Set down the listing exactly as given, minus images.

Dataset content section start

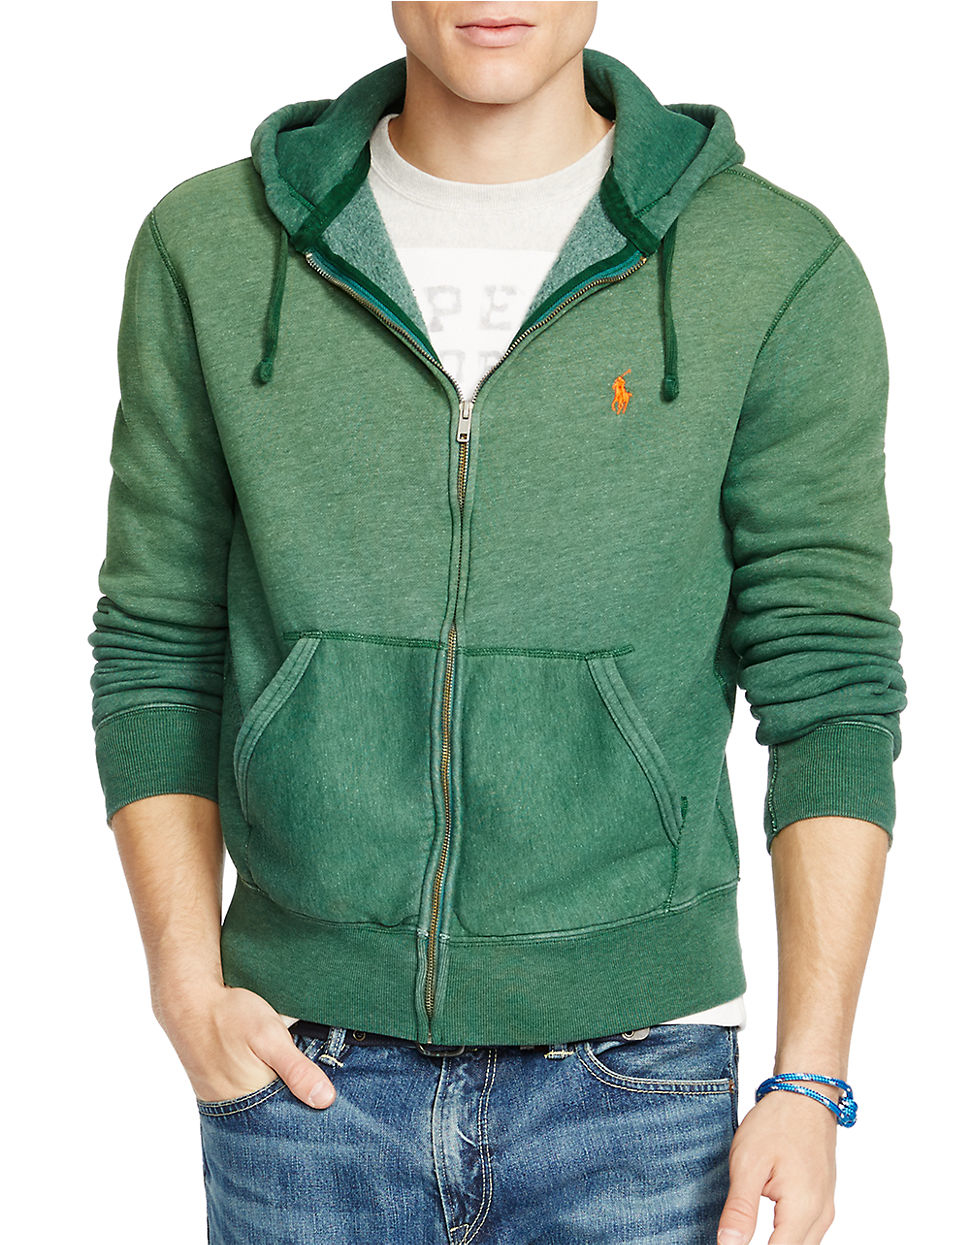 Polo Ralph Lauren Full-zip Fleece Hoodie in Green for Men - Lyst
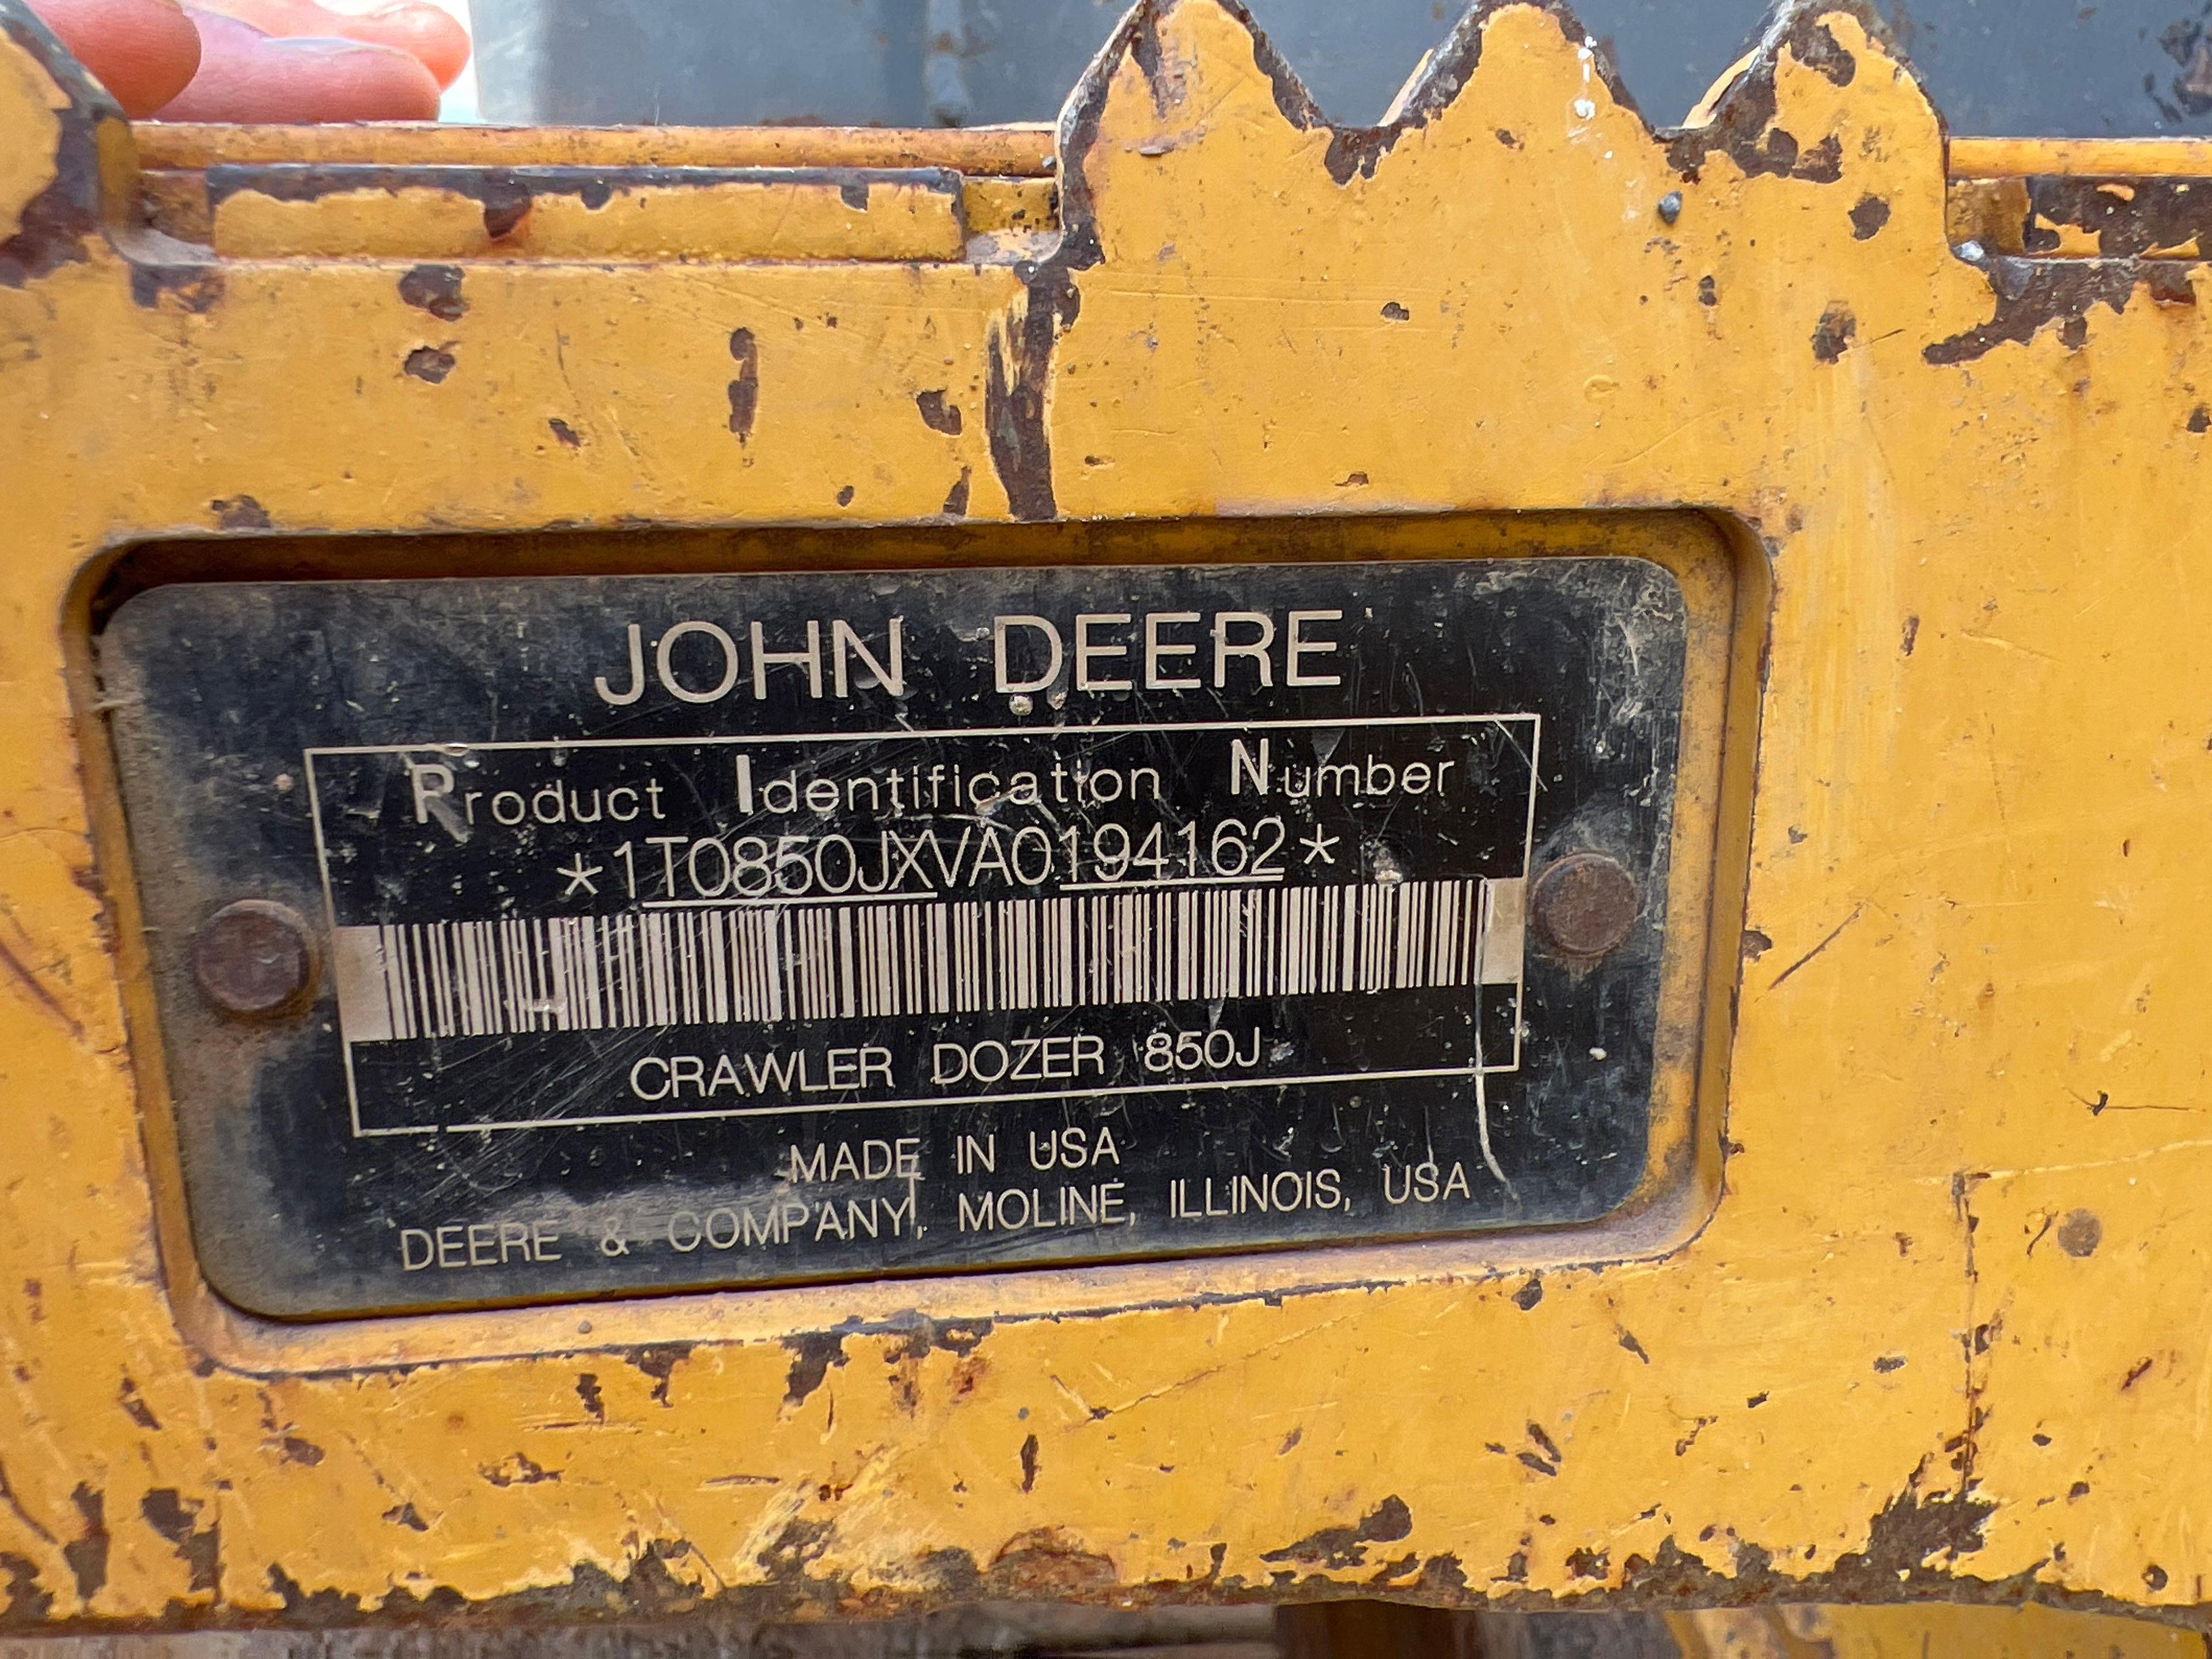 2011 JOHN DEERE 850J CRAWLER TRACTOR SN:1T0850JXVA0194162 powered by John Deere diesel engine,
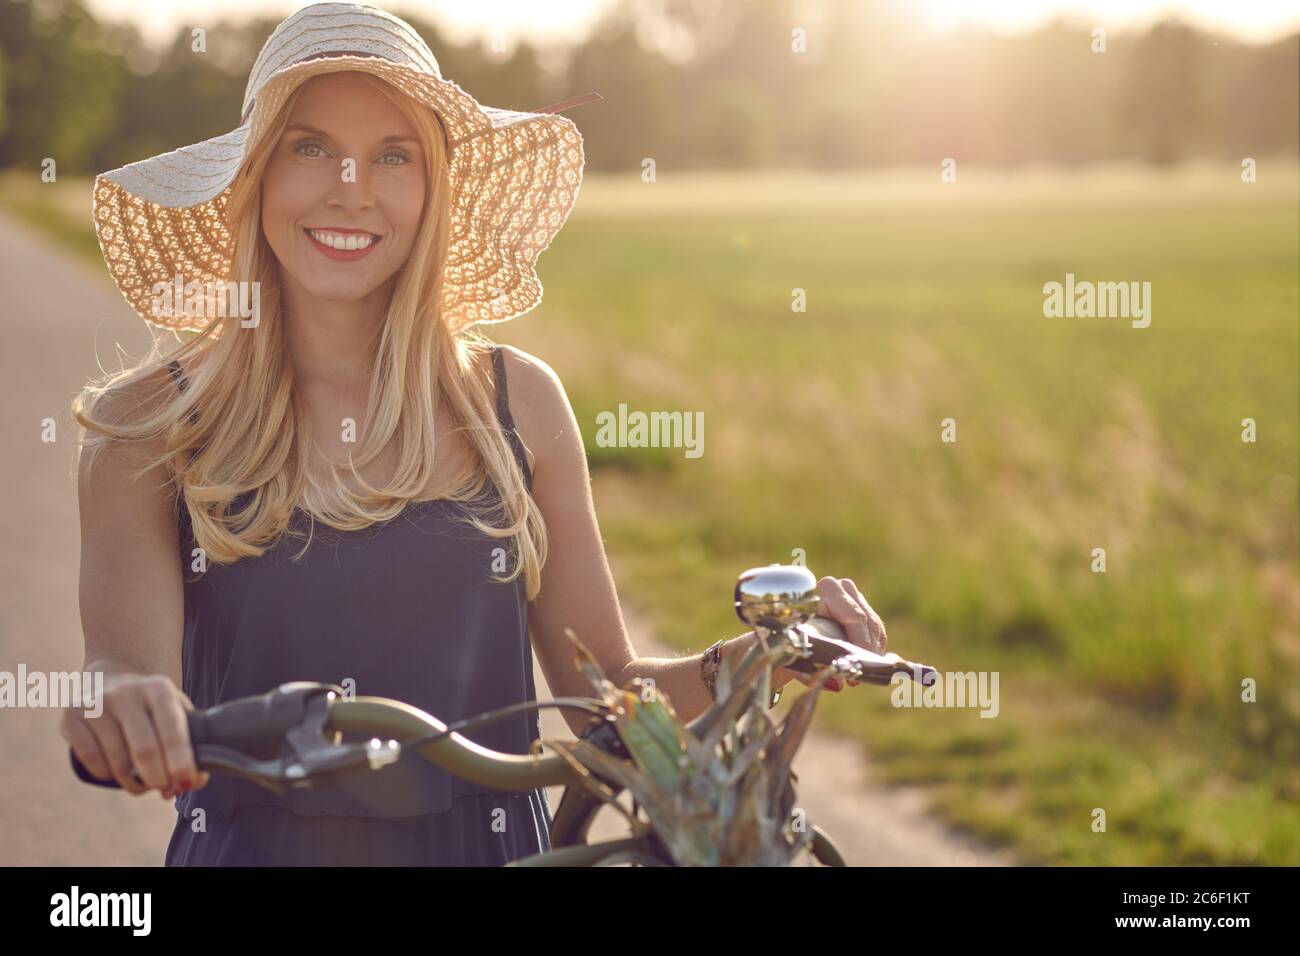 Belle femme portant un chapeau de paille à large bord shopping pour des produits frais dans le pays en faisant rouler sa bicyclette le long d'une voie rurale dans un pays chaud d'evenin Banque D'Images
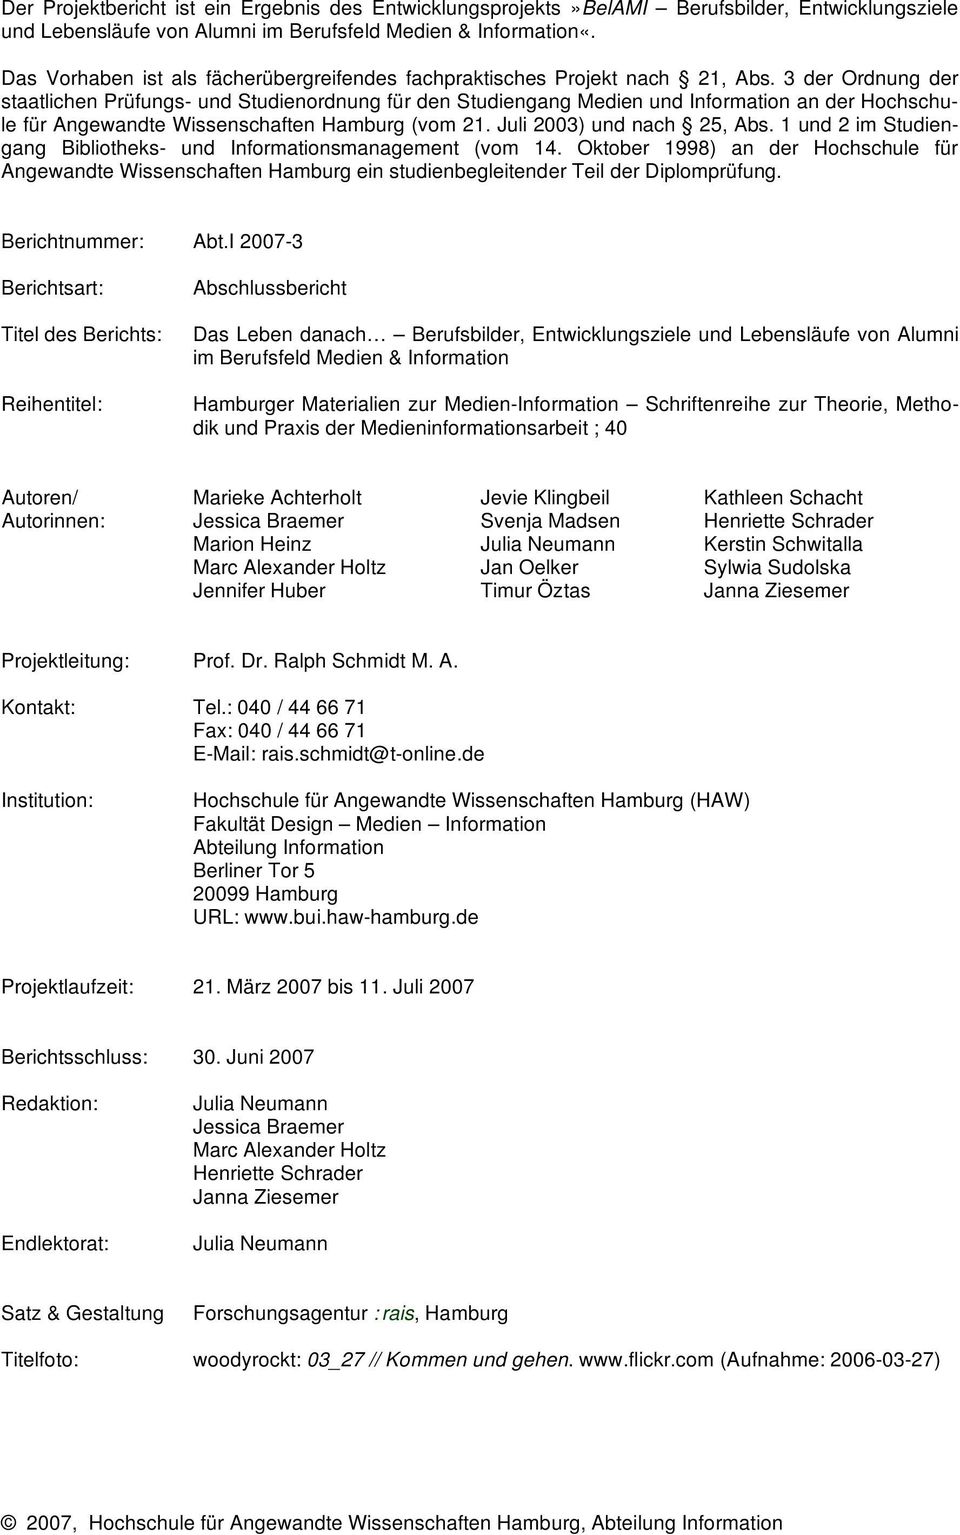 3 der Ordnung der staatlichen Prüfungs- und Studienordnung für den Studiengang Medien und Information an der Hochschule für Angewandte Wissenschaften Hamburg (vom 21. Juli 2003) und nach 25, Abs.

Dataset content section end

Response for this exercise:
 Polo Ralph Lauren Full-zip Fleece Hoodie in Green for Men - Lyst
 2011 JOHN DEERE 850J CRAWLER TRACTOR SN:1T0850JXVA0194162 powered by John Deere diesel engine,
 Belle femme portant un chapeau de paille à large bord shopping pour des produits frais dans le pays en faisant rouler sa bicyclette le long d'une voie rurale dans un pays chaud d'evenin Banque D'Images
 3 der Ordnung der staatlichen Prüfungs- und Studienordnung für den Studiengang Medien und Information an der Hochschule für Angewandte Wissenschaften Hamburg (vom 21. Juli 2003) und nach 25, Abs.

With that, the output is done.